The term “restricted visibility” means any condition in which visibility is restricted by fog, mist, falling snow, heavy rainstorms, sandstorms or any other similar causes.

“Except where it has been determined that a risk of collision does not exist, every vessel which hears apparently forward of her beam the fog signal of another vessel, or which cannot avoid a close-quarters situation with another vessel forward of her beam, shall reduce her speed to the minimum at which she can be kept on her course. She shall if necessary take all her way off and in any event navigate with extreme caution until danger of collision is over.”

File a Float Plan
Before you head out on the water you should create a float plan and give that plan to at lease one person on shore with instructions to notify the Coast Guard of a late boater situation. The Coast Guard has developed a float plan that you can fill out and save to your computer. Before you go out you should update the plan for the date and persons on board and the way points you intend to hit. The float plan has instructions on what to do if a boater is late according to the plan. Here is the link to the downloadable PDF form: USCG Float Plan ( .

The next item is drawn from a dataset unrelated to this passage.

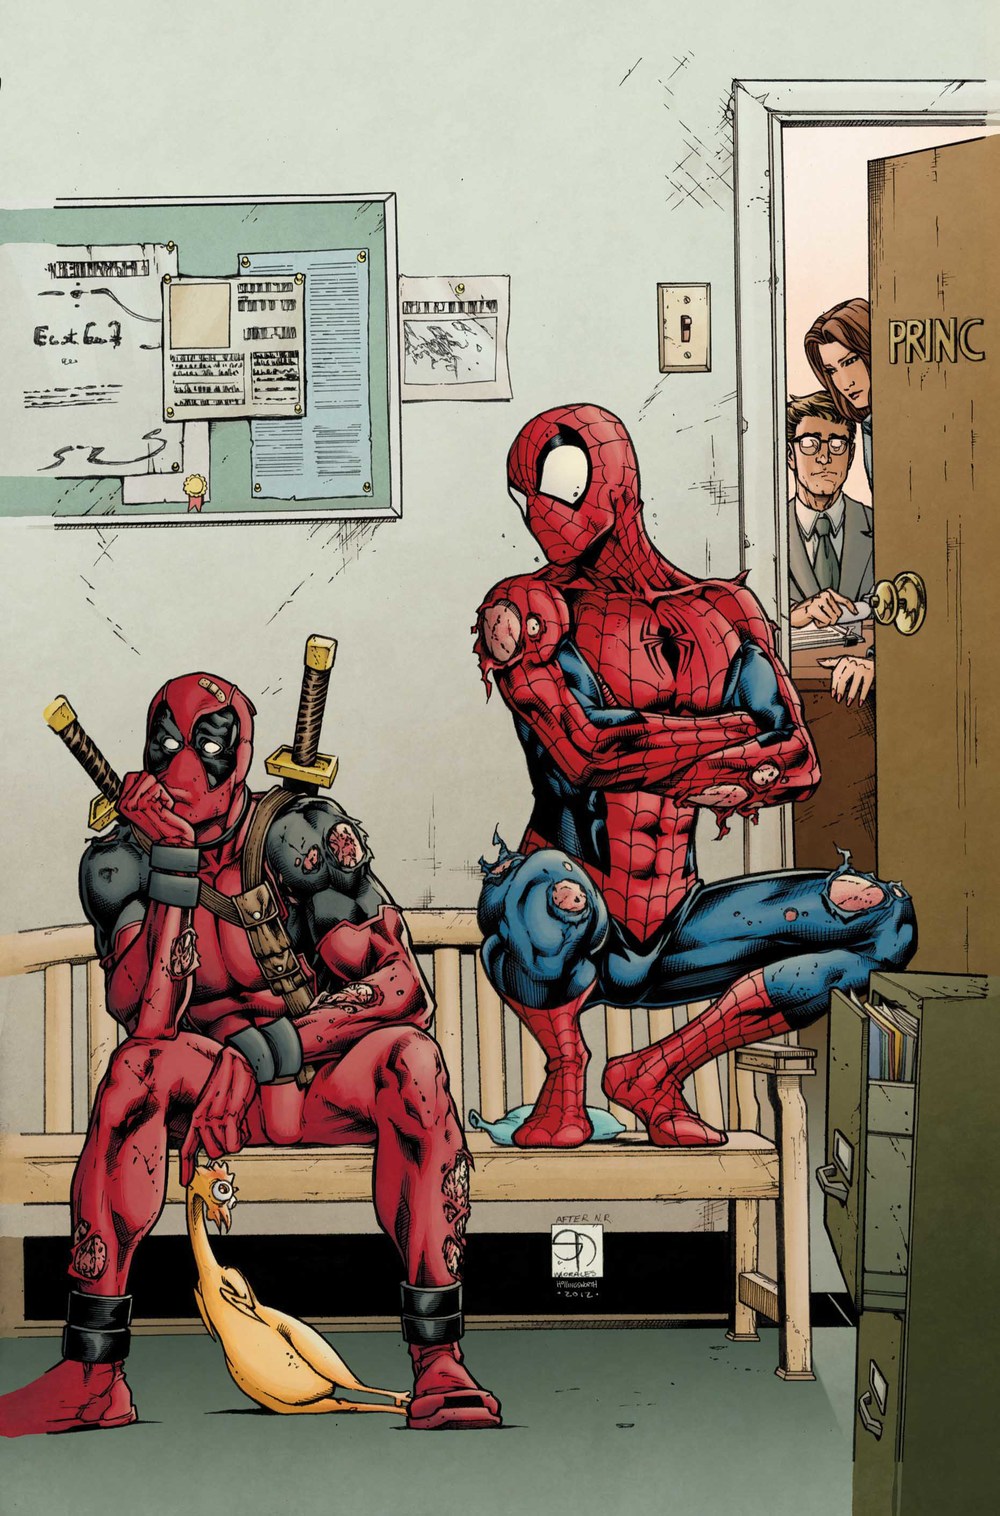 SpiderMan and Deadpool Get Sent to the Principal's Office

It is important to note that you do not file a float plan with the US Coast Guard. Instead, file it with a friend or family member who will contact the Cost Guard in your behalf should you should be late reporting in.

Before you go out on the water, check the weather, and once you are underway watch for weather changes and listen to your marine VHF/FM radio for weather updates. Follow the “Boating in Fog” recommendations and Rule 19 of the Rules of the Road (Conduct in Restricted Visibility). File a float plan with a friend or family member. Lastly, have a Plan B destination should you be blocked from reaching your intended destination.